Once you have a node list, you can apply a function on it to extract the node. A function of type xmlValue or xmlGetAttr .... For example:
x <- xpathApply(y, "//table/tr") sapply(x,xmlValue) ## it a list of nodes.. " Test1.1 Test1.2 " " Test1.3 Test1.4 "
Which is equivalent:
xpathSApply(y,"//table/tr",xmlValue) " Test1.1 Test1.2 " " Test1.3 Test1.4 "
EDIT
I am sure your question can be resolved with the correct xpath. You must learn to work with xml files when working with a database. xpath is just like sql query. it's fast, and many browsers can help you create the correct xpath.
For instance:
xpathSApply(y,"//table/tr[2]/td[1]",xmlValue) # second tr and first td [1] " Test1.3 " xpathSApply(y,"//table/tr[2]/td[3]",xmlValue) # second tr and third td
EDIT
OP looks if it wants to replicate the XML structure (get tr and td in the same order)

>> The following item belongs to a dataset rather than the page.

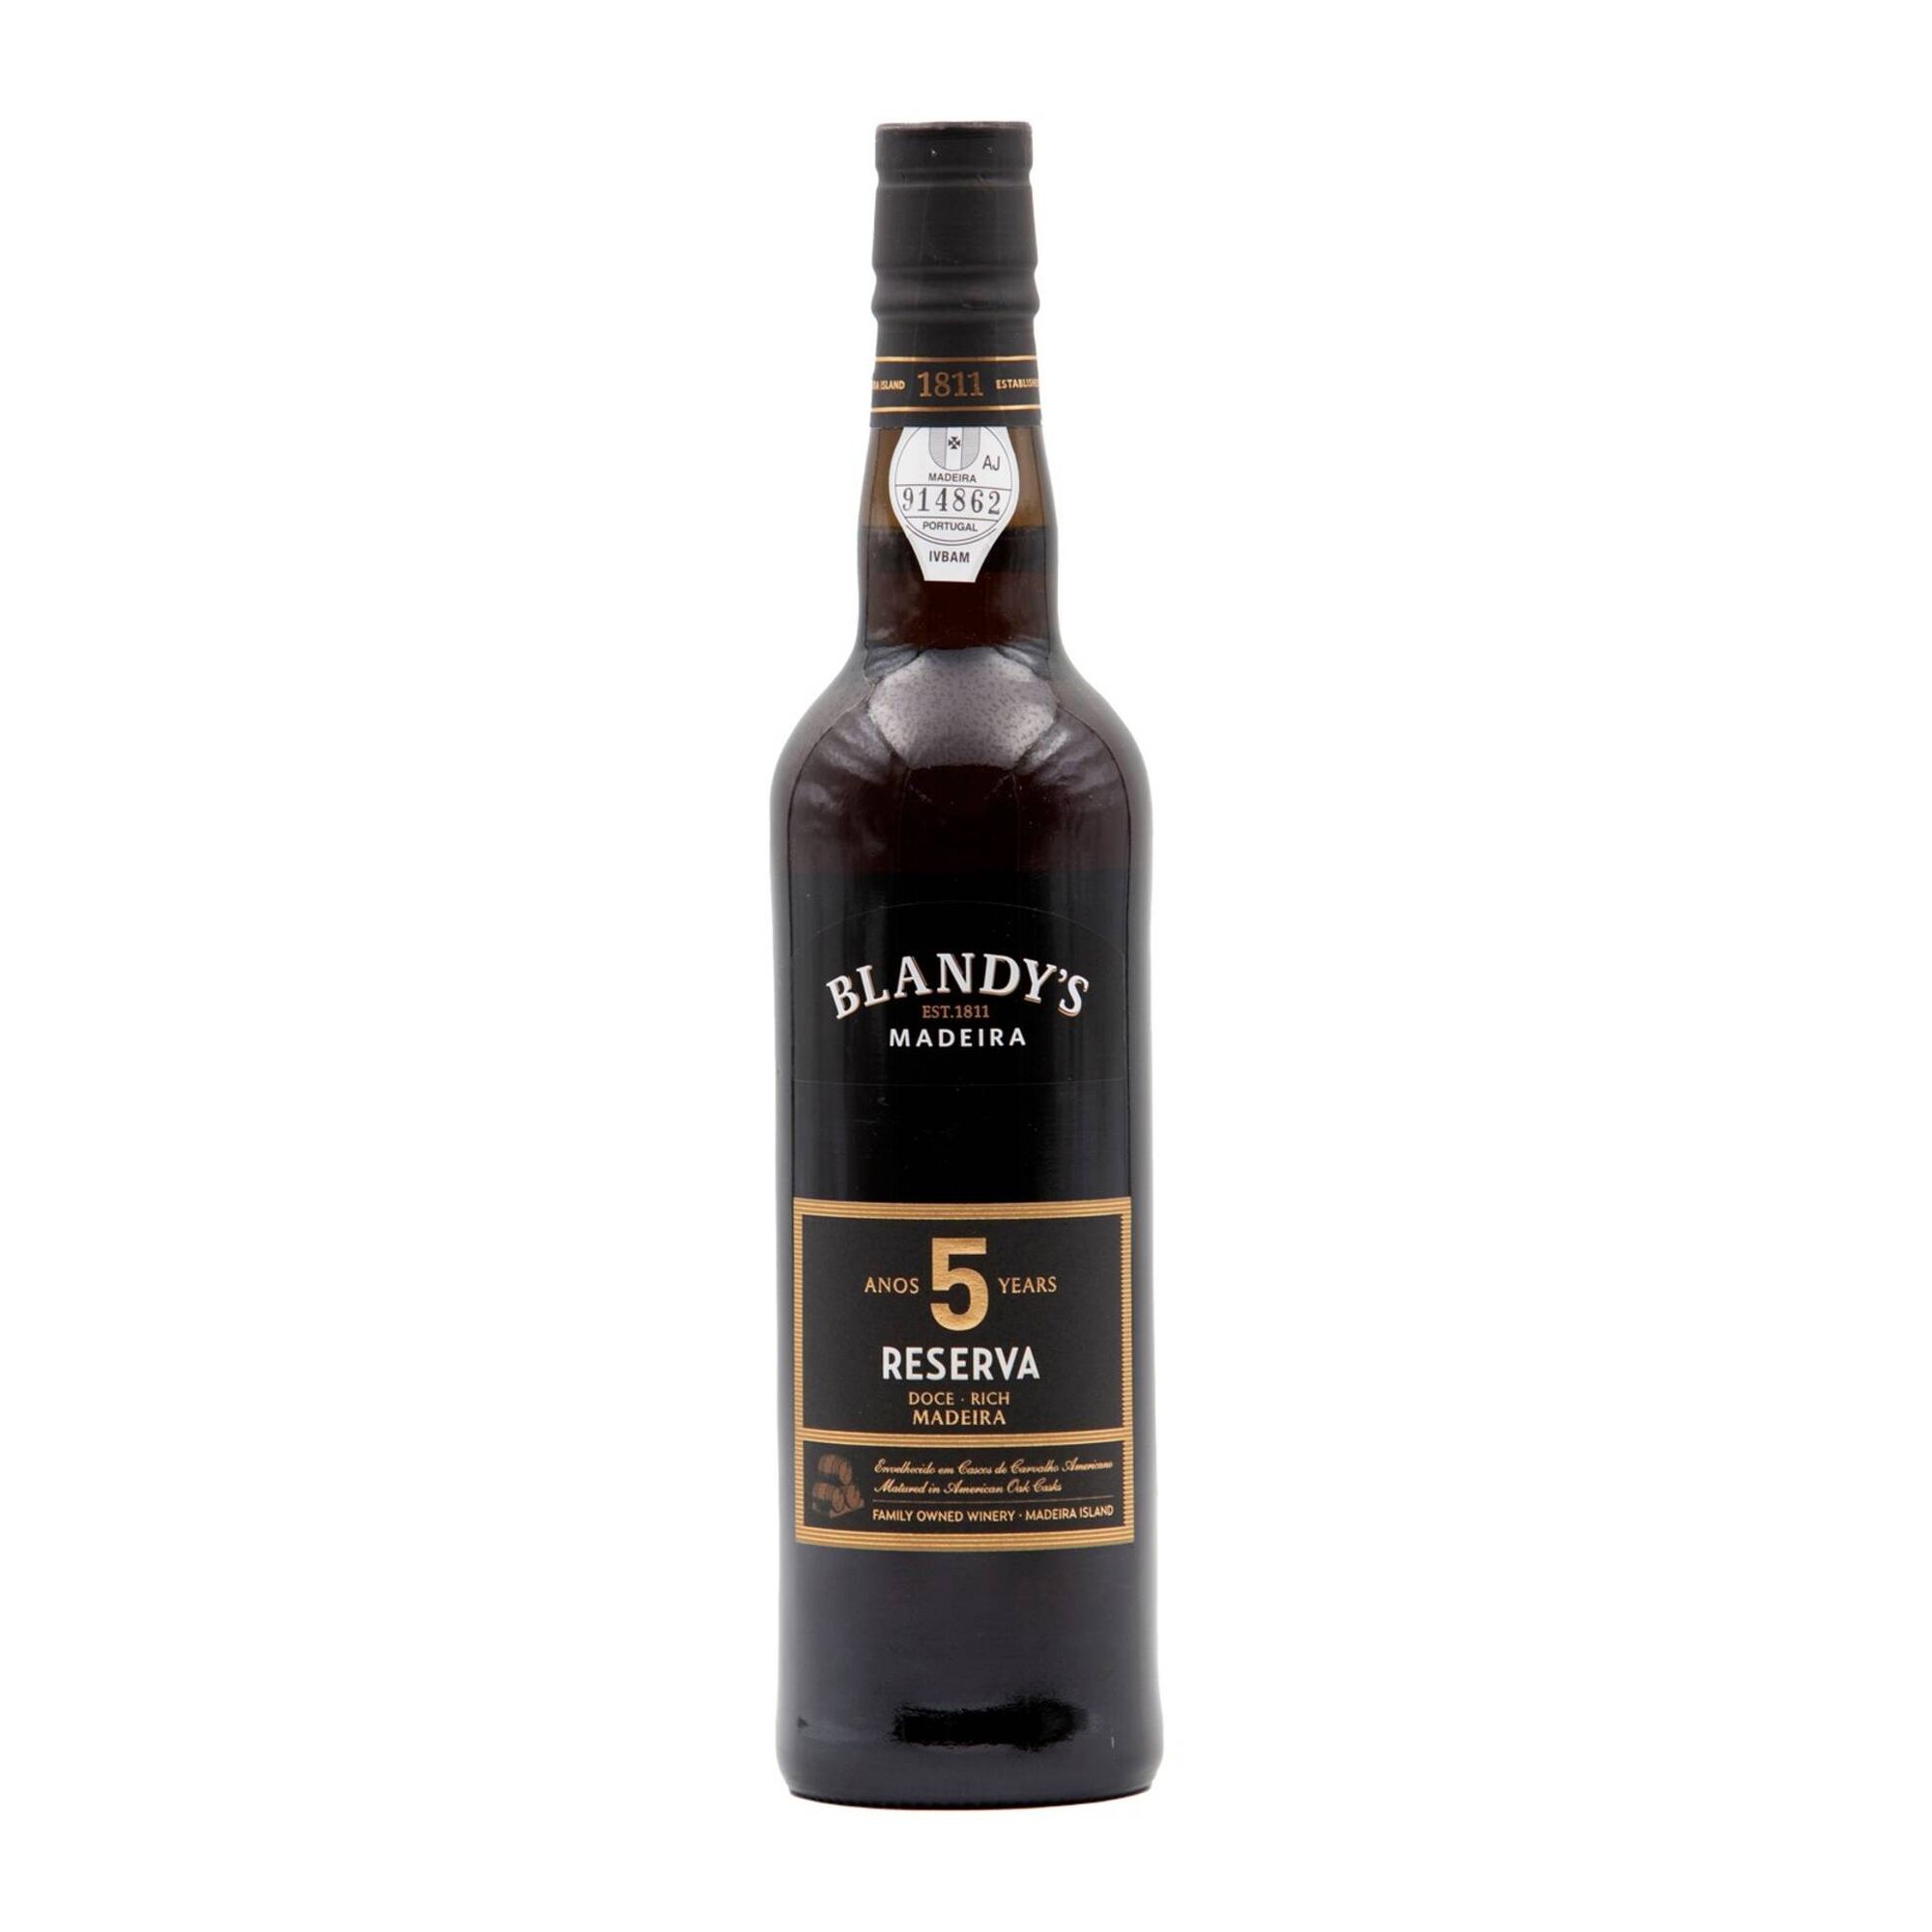 Blandy's 5 Anos Reserva Vinho da Madeira Full Rich

here is the way, I don't think this is a more efficient way ...
nn.trs <- length(xpathSApply(y,"//table/tr",I)) lapply(seq(nn.trs),function(i){ xpathSApply(y,paste("//table/tr[",i,"]/td",sep=''),xmlValue) }) [[1]] [1] " Test1.1 " " Test1.2 " [[2]] [1] " Test1.3 " " Test1.4 "
If, if the number td is the same for each tr, you can replace lapply with sapply , and you get:
[,1] [,2] [1,] " Test1.1 " " Test1.3 " [2,] " Test1.2 " " Test1.4 "
But I think readHtmlTable is better in this case.